For the ancient Egyptians, Greeks and Romans, it was clear what the civilized world was: that was where they lived. That civilization also stopped somewhere. People who spoke an unintelligible language lived there, worshiped the wrong gods and wore weird clothes.

In his book The distant corners of the world views the British historian Owen Rees – teacher at the University of Birmingham and manager of the website Bad Ancientwhere nonsense about antiquity is exposed – what happened in the areas where the ‘civilization’ clashed with the rest of the world. It turns out that boundaries were porous and that using, objects and people (mostly women) migrated plenty of migrating from one area to the other.

Rees structured his book around a number of these types of border areas, including the big cataract in the Nile, where the empire of the pharaohs that hit the Nubians; The city of Olbia in Ukraine, where Greek settlers lived alongside scytic riders; And the Wall of Hadrian in Scotland, with which the Romans wanted to keep the pics out of their empire.

Interesting things happened in these places, Rees notes. Because they were so far from the cultural center of a civilization and there was therefore less ‘critical cultural supervision’, here melt crawls from which everything bubbled up.

In the city of Meggido (the Biblical Armageddon) in Israel, for example, unique religious expressions took place while Judaism had long gained foothold there. And in Aksum in Ethiopia, Greek was written and a unique form of Christianity was created – founded by the son of the famous Queen of Sheba, who would have taken the Ark of the Jerusalem covenant.

The intellectual and spiritual heart of Buddhism was in ancient times in Taxila (in present -day Pakistan). Under Greek influence, the human form of Buddha was created here, in the style as it is now known everywhere. Cultural influence was not a one -way traffic, Rees emphasizes. Buddha statues were found in the Greek-Roman Egypt and Greek and Latin sources contain references to Buddhist monks in some places.
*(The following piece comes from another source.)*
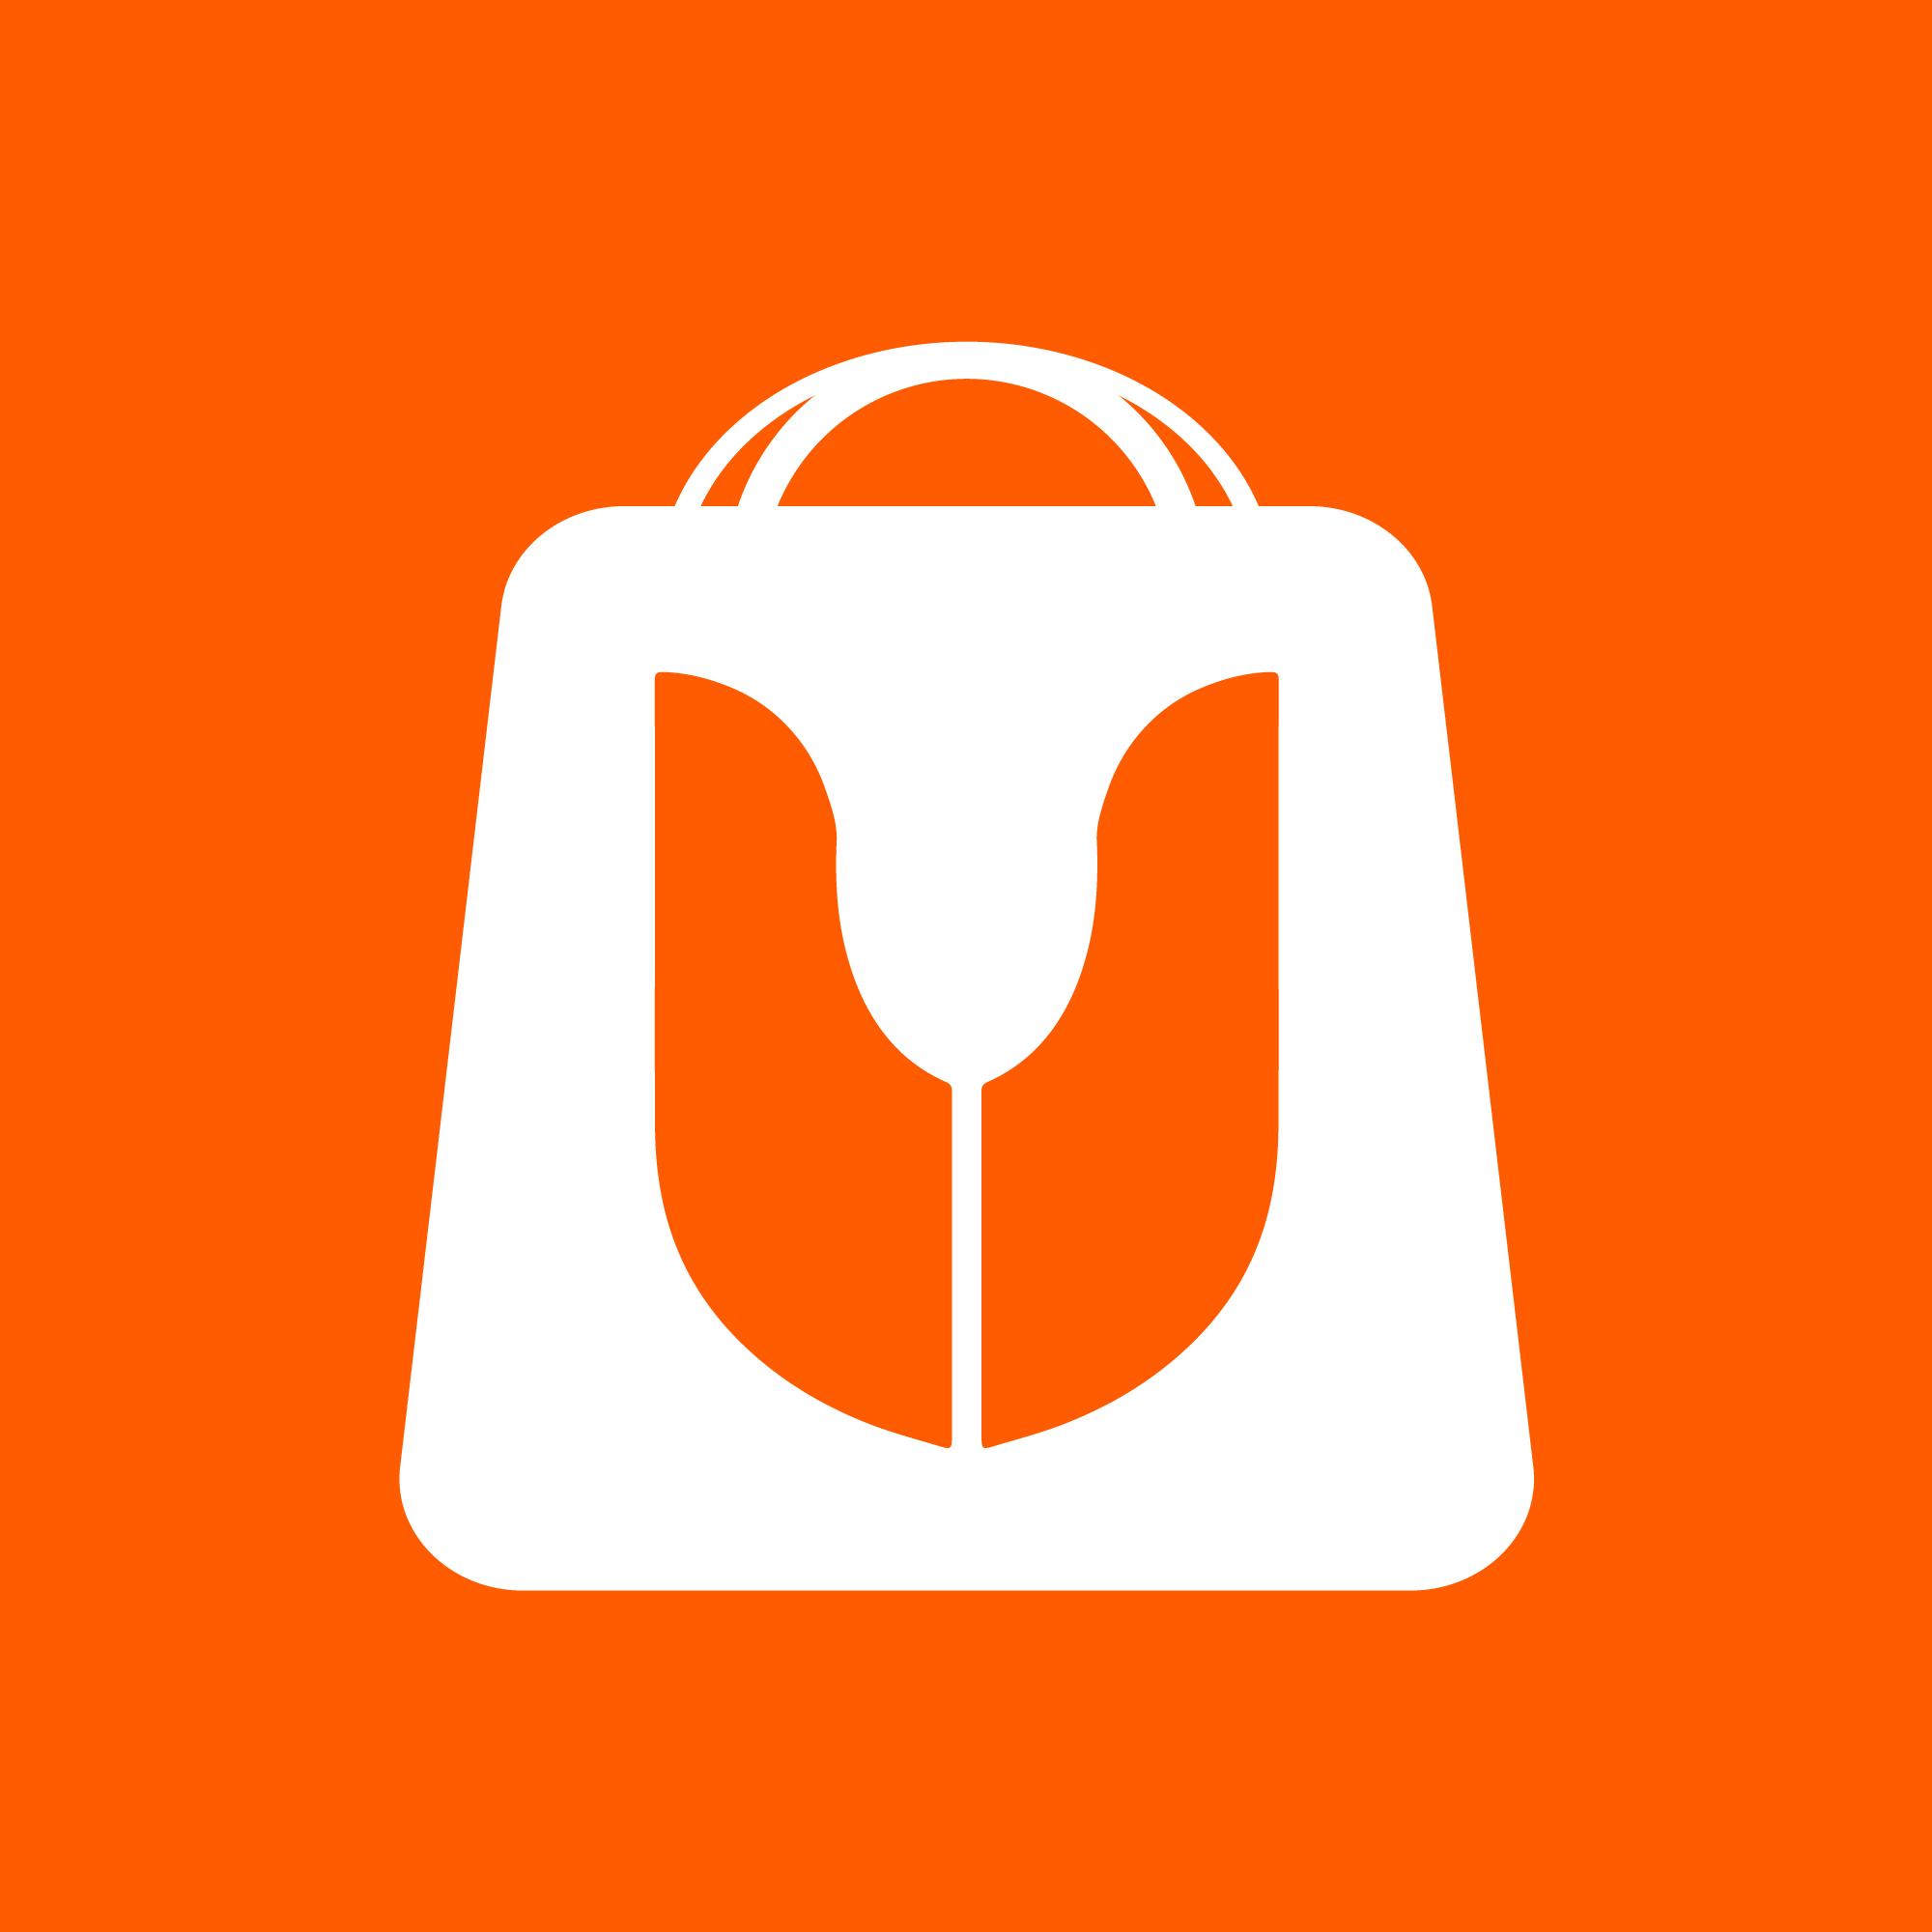 �V州市雄山科技有限公司logo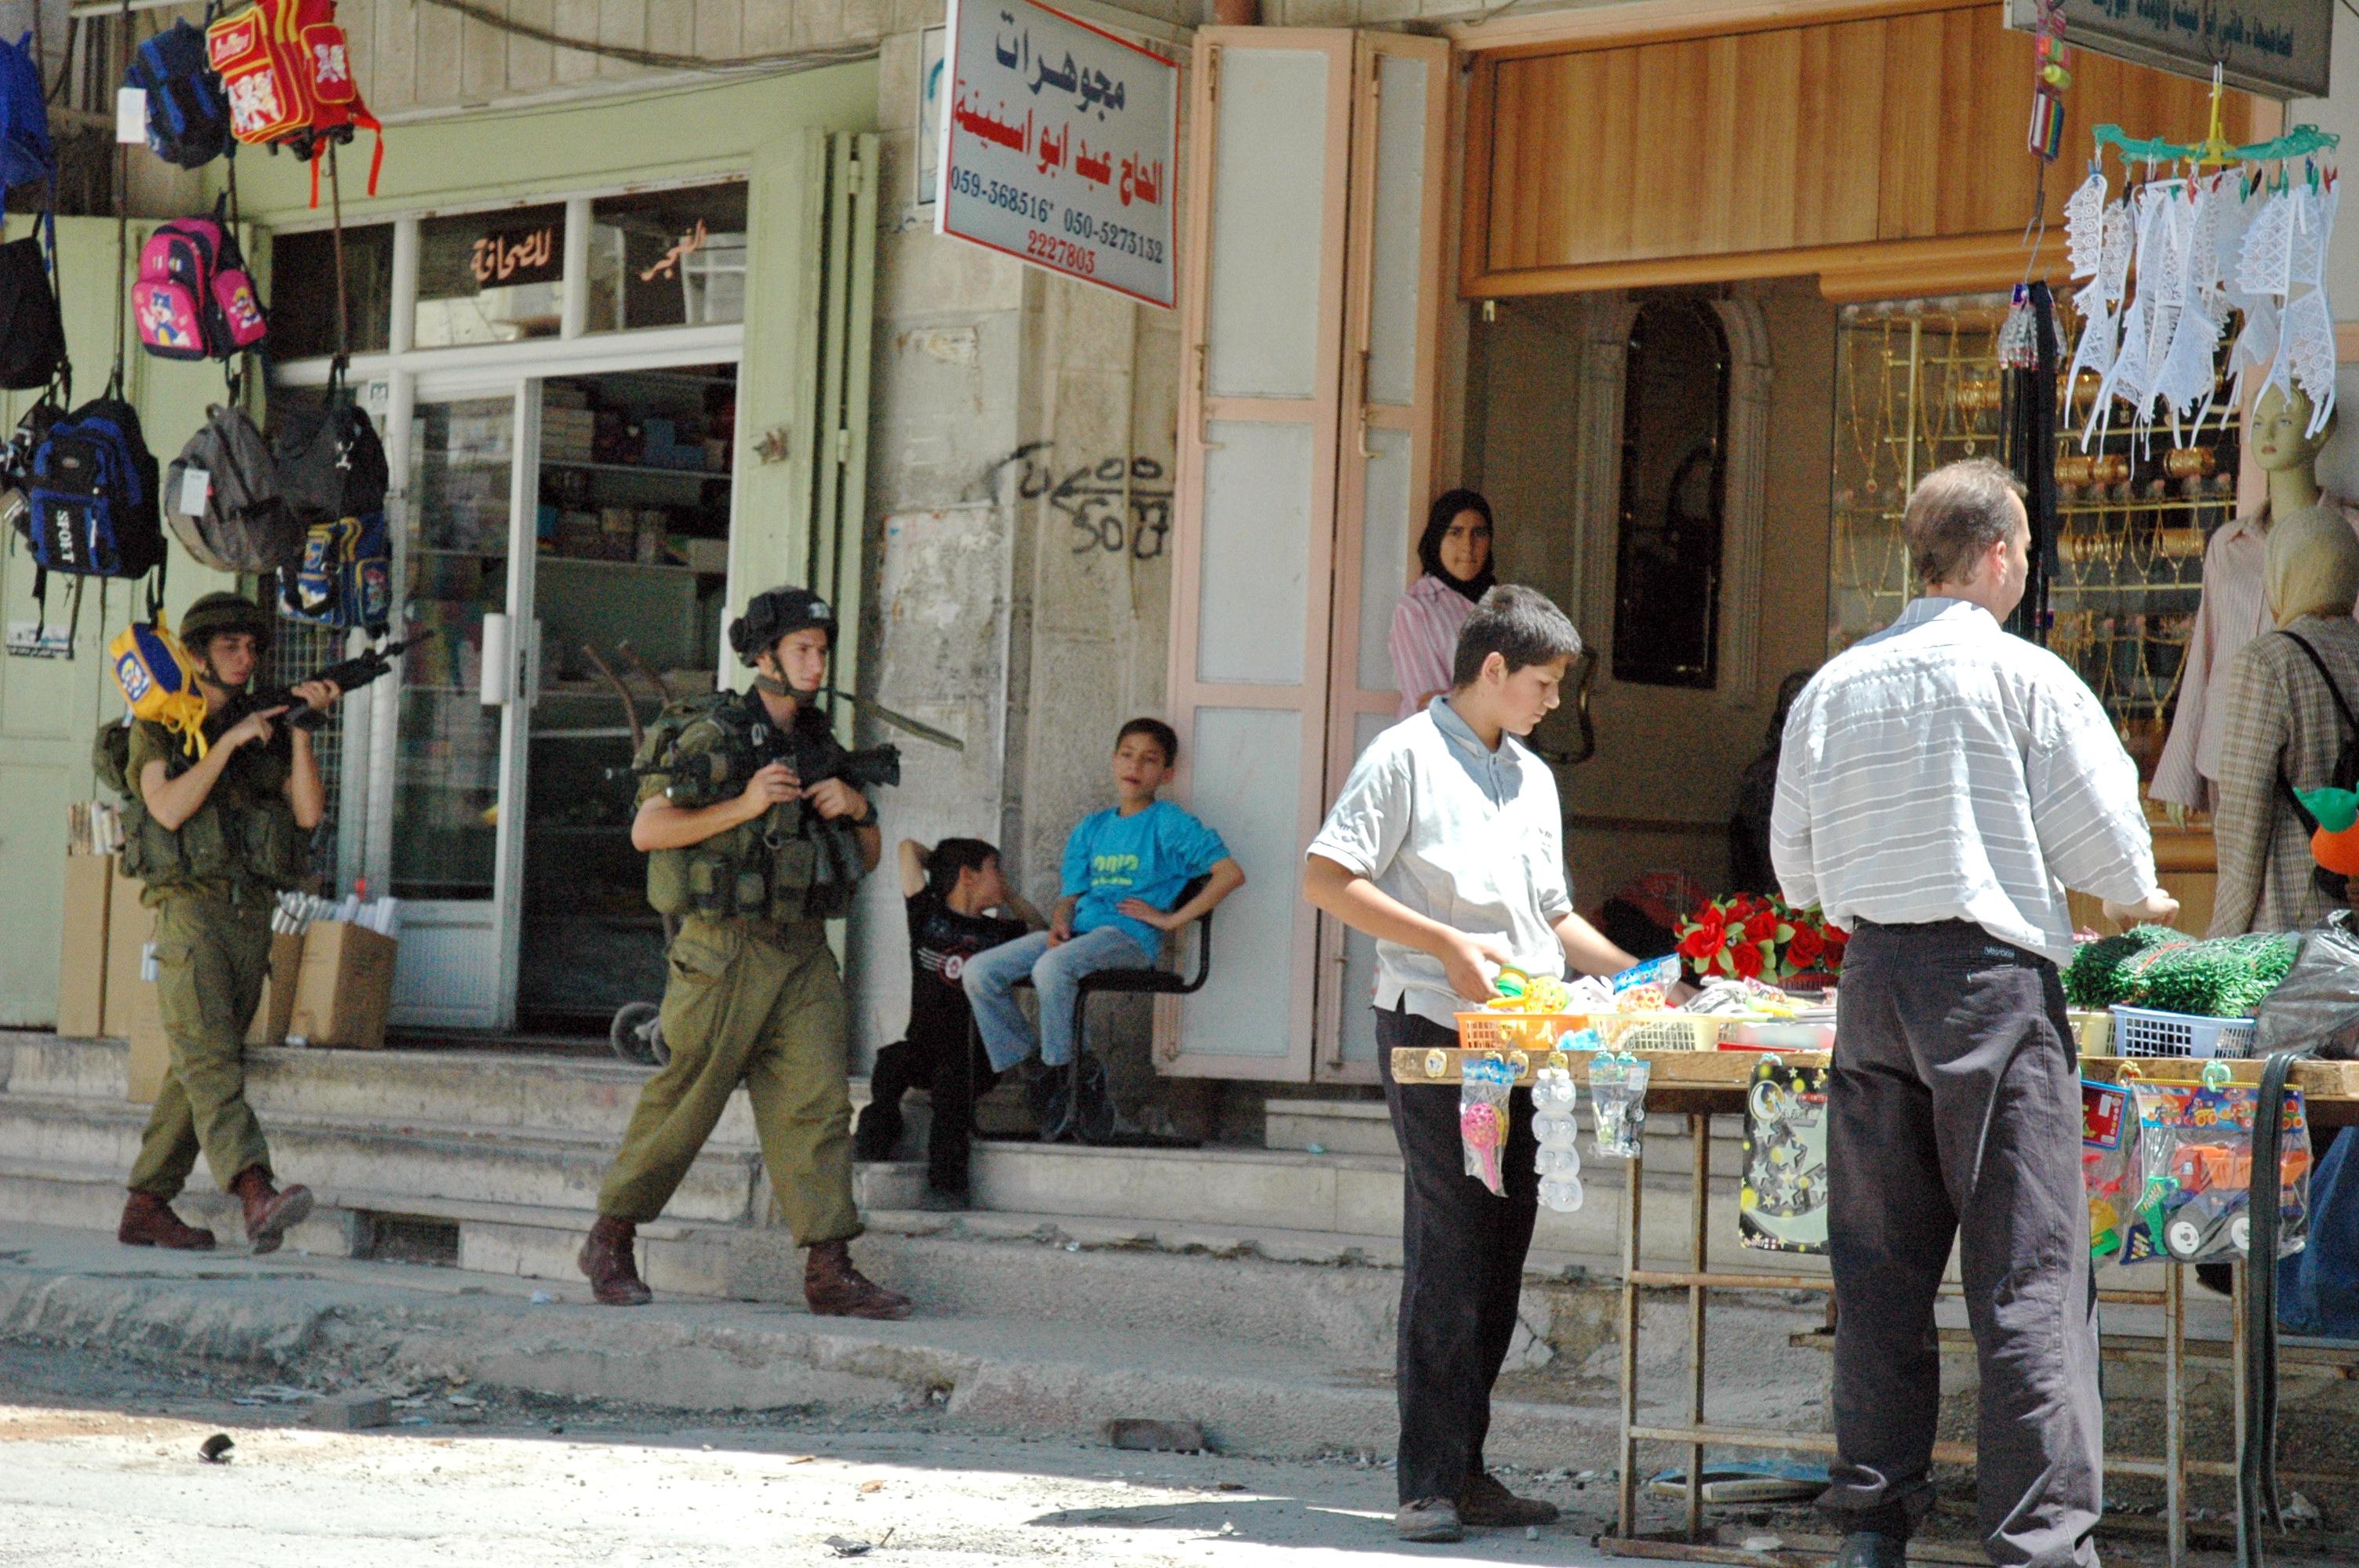 Israeli soldiers in Palstinian city of Hebron, 2004. (Wikimedia)

“The dichotomy between civilized people and barbarians where our elitist [Griekse en Romeinse geschreven] Sources were so convinced is no longer acceptable to us, “Rees concludes at the end of his easily written book.

Ovidius thought very differently about that. The Roman poet was exiled to Tomis on the Black Sea and complained about it in letters. “He had never learned that outside the shielded center of a culture you cannot survive without multiculturalism,” Rees Rees explains the message of his book very much.